__EXERCISE AIM__
Write the data out in full and word for word. Do not include images.
*** COLLECTED MATERIAL Section Begins ***
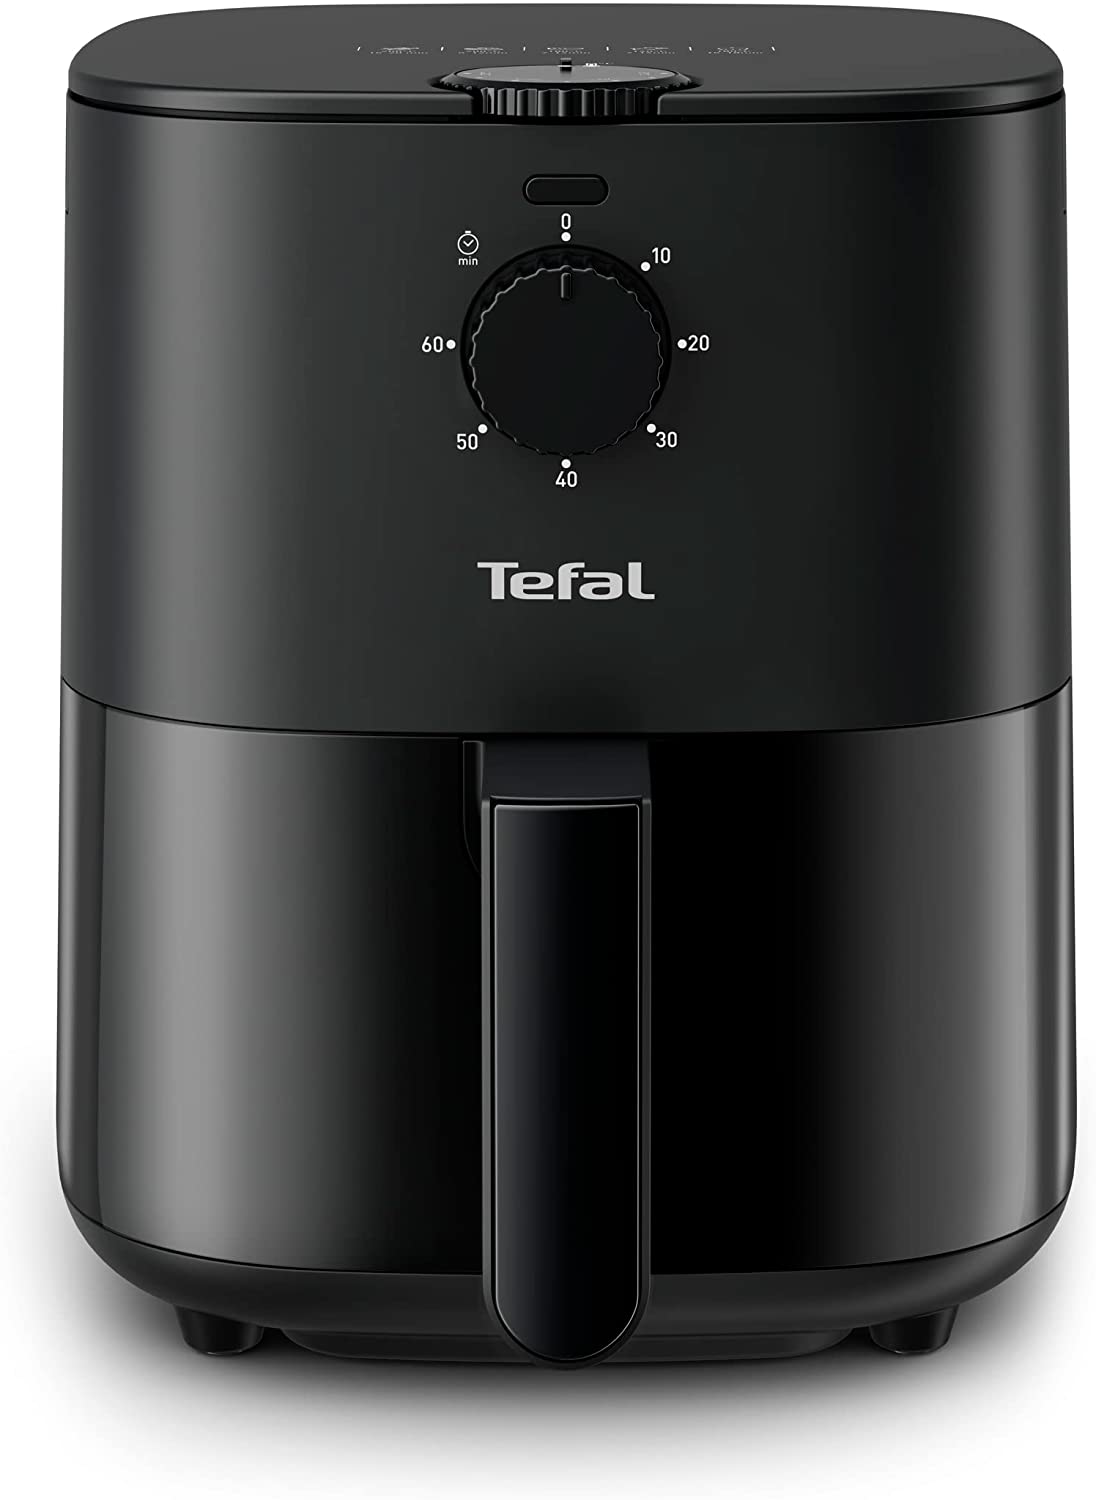 Tefal Ey1308 Easy Fry Essential Hot Air Fryer, 3.5 L Capacity Oil-Free Freyer, Compact Design, Energy Saving, Crispy Results, Healthy Cooking, Dishwasher Safe Parts
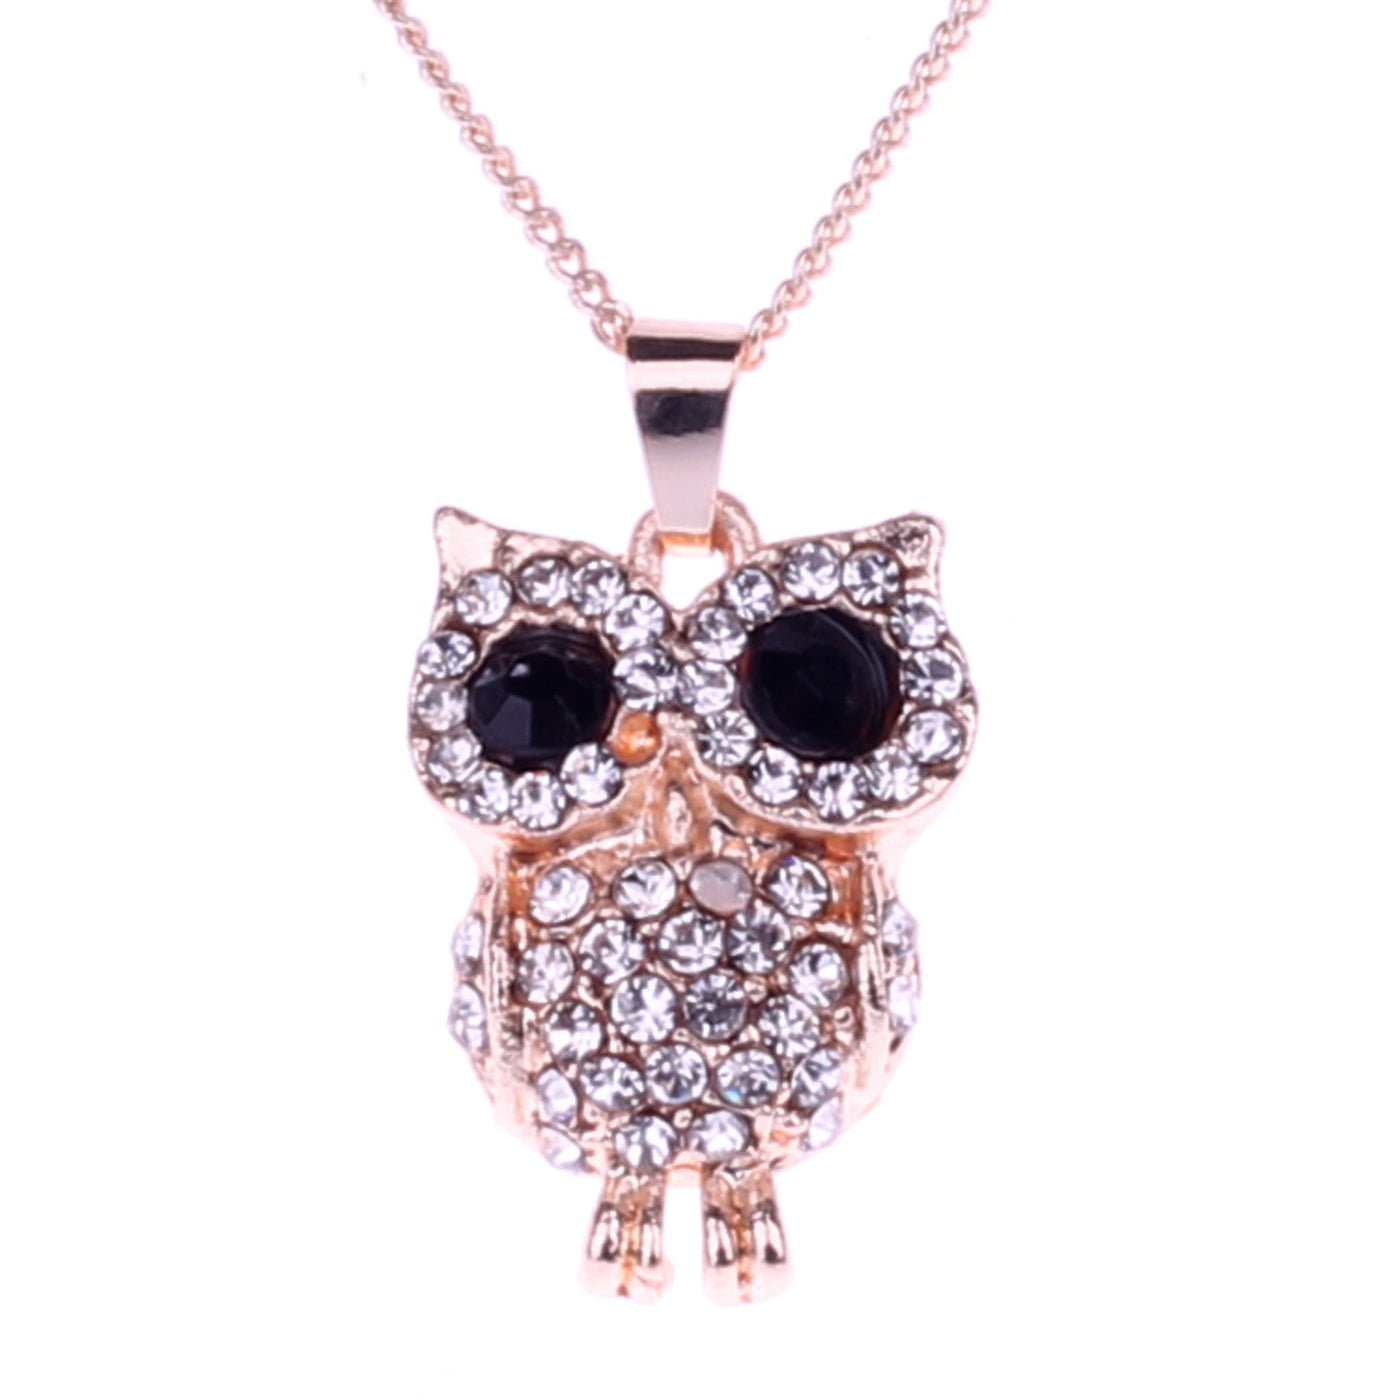 Necklace owl
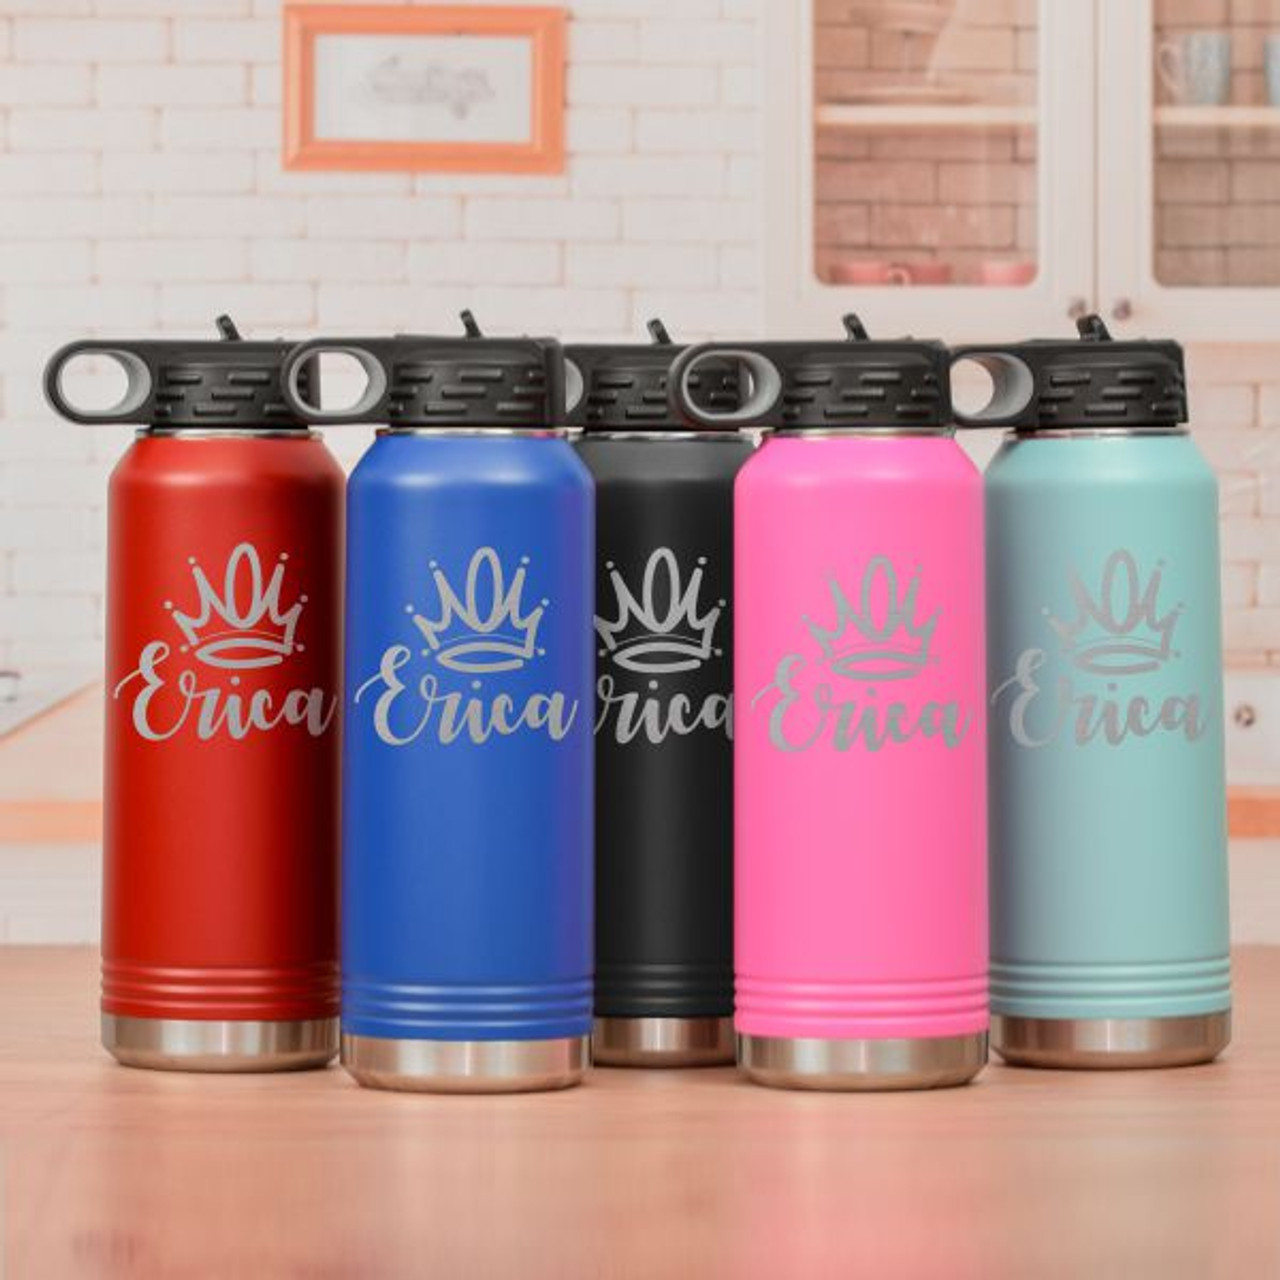 https://cdn11.bigcommerce.com/s-mdwz5t7wme/images/stencil/1280x1280/products/2778/6623/DW5126-All-Hail-the-Queen-water-bottle-colors__89846.1603214228.jpg?c=2?imbypass=on
*** COLLECTED MATERIAL Section Ends ***
__EXERCISE RESPONSE__
 Tefal Ey1308 Easy Fry Essential Hot Air Fryer, 3.5 L Capacity Oil-Free Freyer, Compact Design, Energy Saving, Crispy Results, Healthy Cooking, Dishwasher Safe Parts
 Necklace owl
 https://cdn11.bigcommerce.com/s-mdwz5t7wme/images/stencil/1280x1280/products/2778/6623/DW5126-All-Hail-the-Queen-water-bottle-colors__89846.1603214228.jpg?c=2?imbypass=on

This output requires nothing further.